This repo hosts the community.okd Ansible Collection.

Description

The collection includes a variety of Ansible content to help automate the management of applications in OKD clusters, as well as the provisioning and maintenance of clusters themselves.

CI Codecov

Communication

For more information about communication, see the Ansible communication guide.

Requirements

Ansible version compatibility

This collection has been tested against following Ansible versions: >=2.15.0.
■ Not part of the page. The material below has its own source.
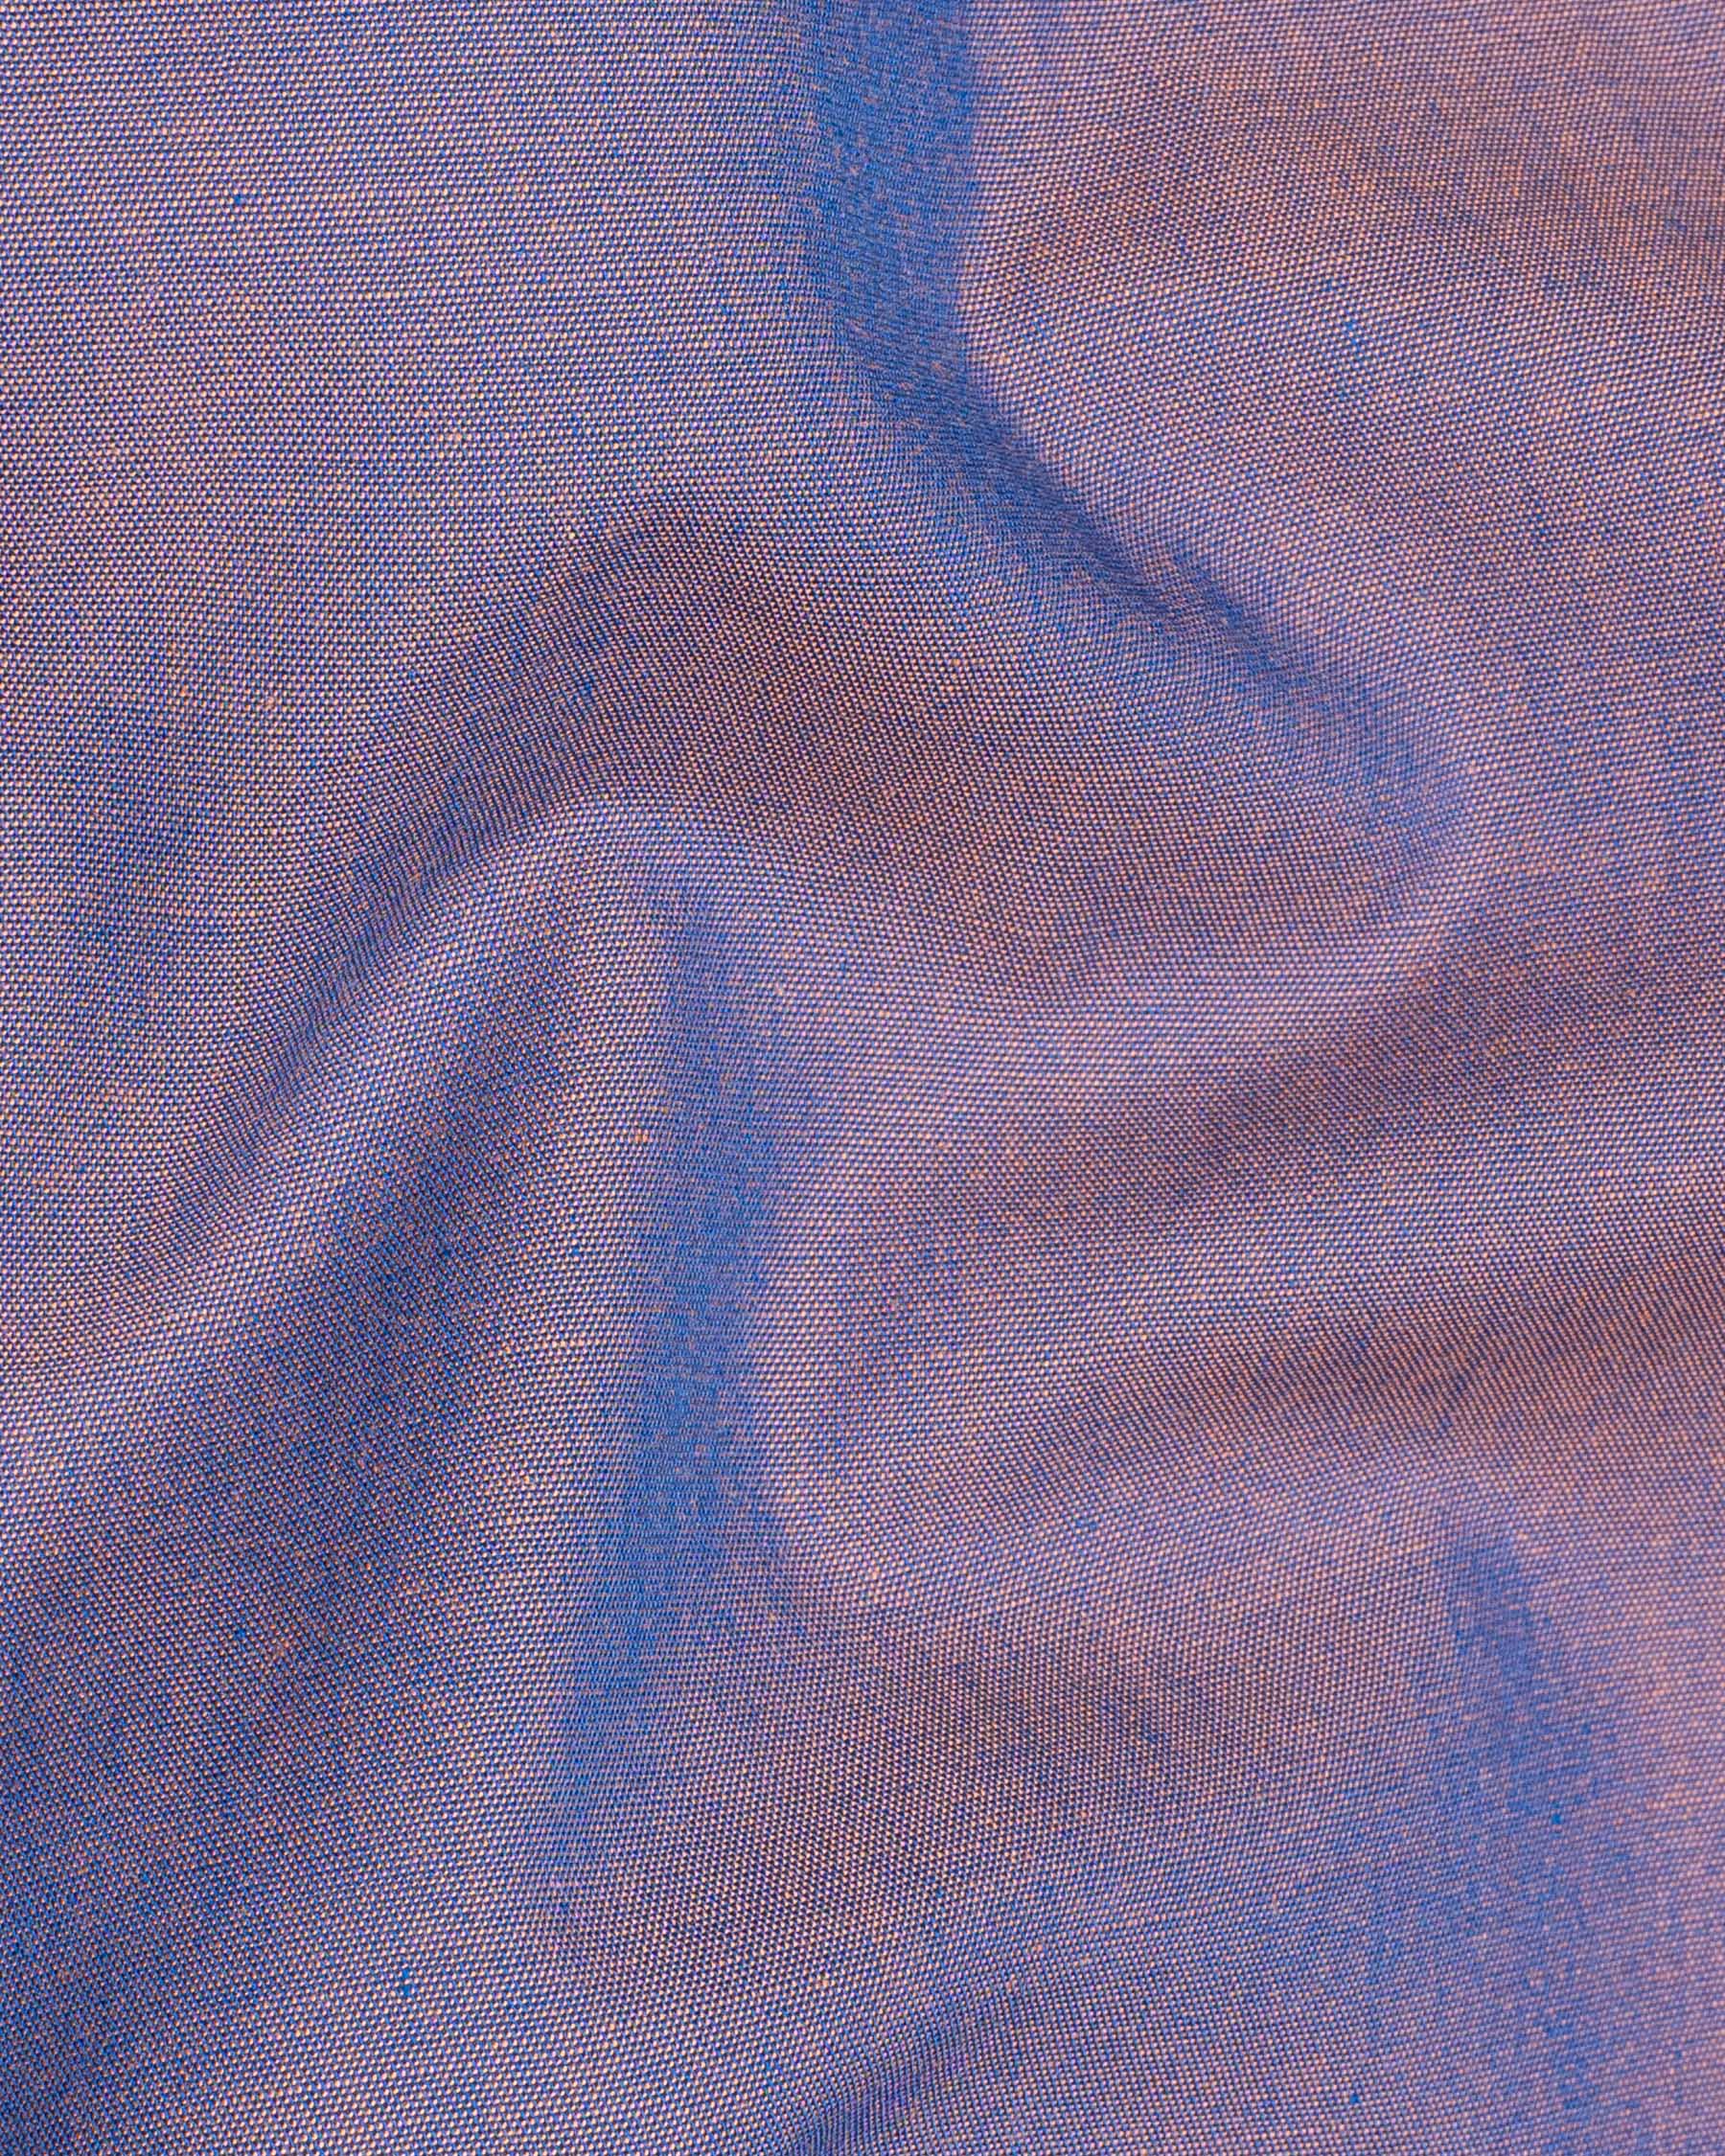 Chambray Blue and Rose Quartz Dual Tone Chambray Textured Premium Cotton Shirt 7054-CA-38, 7054-CA-H-38, 7054-CA-39, 7054-CA-H-39, 7054-CA-40, 7054-CA-H-40, 7054-CA-42, 7054-CA-H-42, 7054-CA-44, 7054-CA-H-44, 7054-CA-46, 7054-CA-H-46, 7054-CA-48, 7054-CA-H-48, 7054-CA-50, 7054-CA-H-50, 7054-CA-52, 7054-CA-H-52

Please ensure to update the network_os to use the fully qualified collection name (for example, cisco.ios.ios). Plugins and modules within a collection may be tested with only specific Ansible versions. A collection may contain metadata that identifies these versions. PEP440 is the schema used to describe the versions of Ansible.

Python Support

  • Collection supports 3.9+

Kubernetes Version Support

This collection supports Kubernetes versions >=1.24.

Included content

Click on the name of a plugin or module to view that content's documentation:

Connection plugins

Name Description
community.okd.oc Execute tasks in pods running on OpenShift.

Inventory plugins

Name Description
community.okd.openshift OpenShift inventory source

Modules

Name Description
community.okd.k8s Manage OpenShift objects
community.okd.openshift_adm_groups_sync Sync OpenShift Groups with records from an external provider.
community.okd.openshift_adm_migrate_template_instances Update TemplateInstances to point to the latest group-version-kinds
community.okd.openshift_adm_prune_auth Removes references to the specified roles, clusterroles, users, and groups
community.okd.openshift_adm_prune_builds Prune old completed and failed builds
community.okd.openshift_adm_prune_deployments Remove old completed and failed deployment configs
community.okd.openshift_adm_prune_images Remove unreferenced images
community.okd.openshift_auth Authenticate to OpenShift clusters which require an explicit login step
community.okd.openshift_build Start a new build or Cancel running, pending, or new builds.
community.okd.openshift_import_image Import the latest image information from a tag in a container image registry.
community.okd.openshift_process Process an OpenShift template.openshift.io/v1 Template
community.okd.openshift_registry_info Display information about the integrated registry.
community.okd.openshift_route Expose a Service as an OpenShift Route.

Installation

Installing the Collection from Ansible Galaxy

Before using the OKD collection, you need to install it with the Ansible Galaxy CLI:

ansible-galaxy collection install community.okd

You can also include it in a requirements.yml file and install it via ansible-galaxy collection install -r requirements.yml, using the format:

---
collections:
  - name: community.okd
    version: 4.0.0

Installing the Kubernetes Python Library

Content in this collection requires the Kubernetes Python client to interact with Kubernetes' APIs. You can install it with:

pip3 install kubernetes

Use Cases

Using modules from the OKD Collection in your playbooks

It's preferable to use content in this collection using their Fully Qualified Collection Namespace (FQCN), for example community.okd.openshift:

---
plugin: community.okd.openshift
connections:
  - namespaces:
    - testing

For documentation on how to use individual plugins included in this collection, please see the links in the 'Included content' section earlier in this README.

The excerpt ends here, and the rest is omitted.